These are the key concepts you need to understand to accurately answer the question.

Relative Position
The relative position of two particles in a system is a fundamental concept in physics. Imagine two particles moving in space, each with their respective positions \(\mathbf{r}_1\) and \(\mathbf{r}_2\). The relative position \(\mathbf{r}\) is simply defined as the difference between these two positions: \[ \mathbf{r} = \mathbf{r}_1 - \mathbf{r}_2 \] This vector tells us how far one particle is from the other and in which direction. It's a way to look at the system from the perspective of one particle with respect to the other.
  • Helps in understanding the internal configuration of a system of particles.
  • Provides the basis for defining other quantities like relative velocity and relative acceleration.
By using the relative position, we can express each particle's location as a combination of the center of mass (an average position of the entire system) and their separation. Recognizing and using \(\mathbf{r}\) allows for the simplification of complex equations involving multiple particle systems.
Reduced Mass
Reduced mass is an innovative concept that simplifies the study of two-body problems, such as the motion of electrons around a nucleus. When dealing with interactions between two particles with masses \(m_1\) and \(m_2\), the actual system behaves as if it were a single particle with a mass called the reduced mass \(\mu\). It is defined as: \[ \mu = \frac{m_1 m_2}{M} \] where \(M\) is the total mass \(M = m_1 + m_2\). This concept is particularly useful because it allows us to transform a complicated two-body problem into a simpler single-body problem.
  • The reduced mass appears in the equations of motion and energy conservation for two-body systems.
  • It provides insights into how forces and energy are distributed between interacting objects.
By using the reduced mass, physicists and engineers can solve problems like orbital mechanics and molecular dynamics more efficiently, gaining clear insights into the system's behavior without getting bogged down by complicated interactions between the two masses.
Kinetic Energy
Kinetic energy (KE) is a measure of how much energy an object has due to its motion. In the case of two particles, each one contributes to the total kinetic energy of the system. For each particle, the kinetic energy is given by: \[ KE = \frac{1}{2} m v^2 \] where \(m\) is the mass of the particle and \(v\) its velocity. When considering a system of two particles, we derive an expression for the total kinetic energy \(T\) by considering the center of mass and relative velocities: \[ T = \frac{1}{2} M \dot{\mathbf{R}}^2 + \frac{1}{2} \mu \dot{\mathbf{r}}^2 \]

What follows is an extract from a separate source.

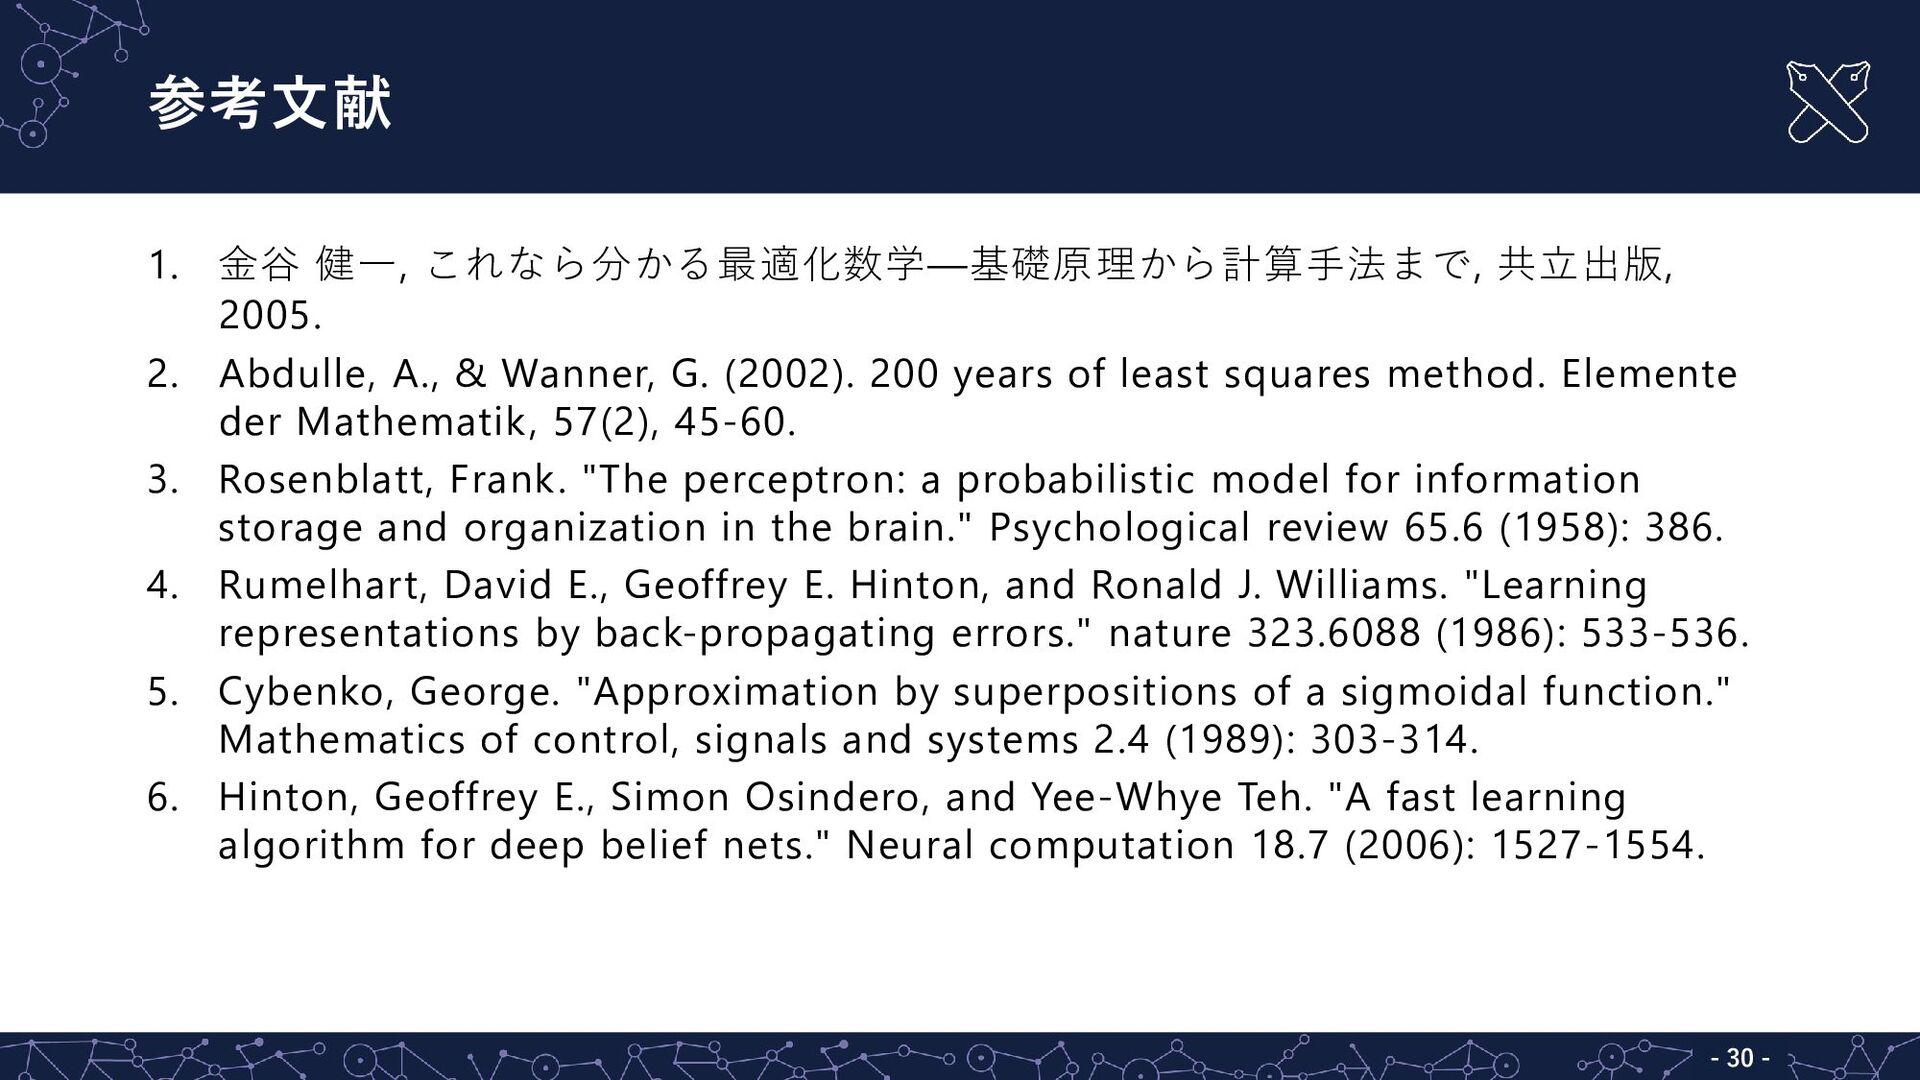 情報工学科 杉浦孔明 Email: komei.sugiura@keio.jp Slack: ...

  • The first term represents the kinetic energy due to the motion of the system's center of mass.
  • The second term captures the energy contribution from the relative motion between the particles, involving the reduced mass.
This division into two parts makes it easier to analyze systems with multiple particles by separating external movement from internal dynamics. Understanding these components helps in studying dynamics in mechanics, chemistry, and even quantum physics.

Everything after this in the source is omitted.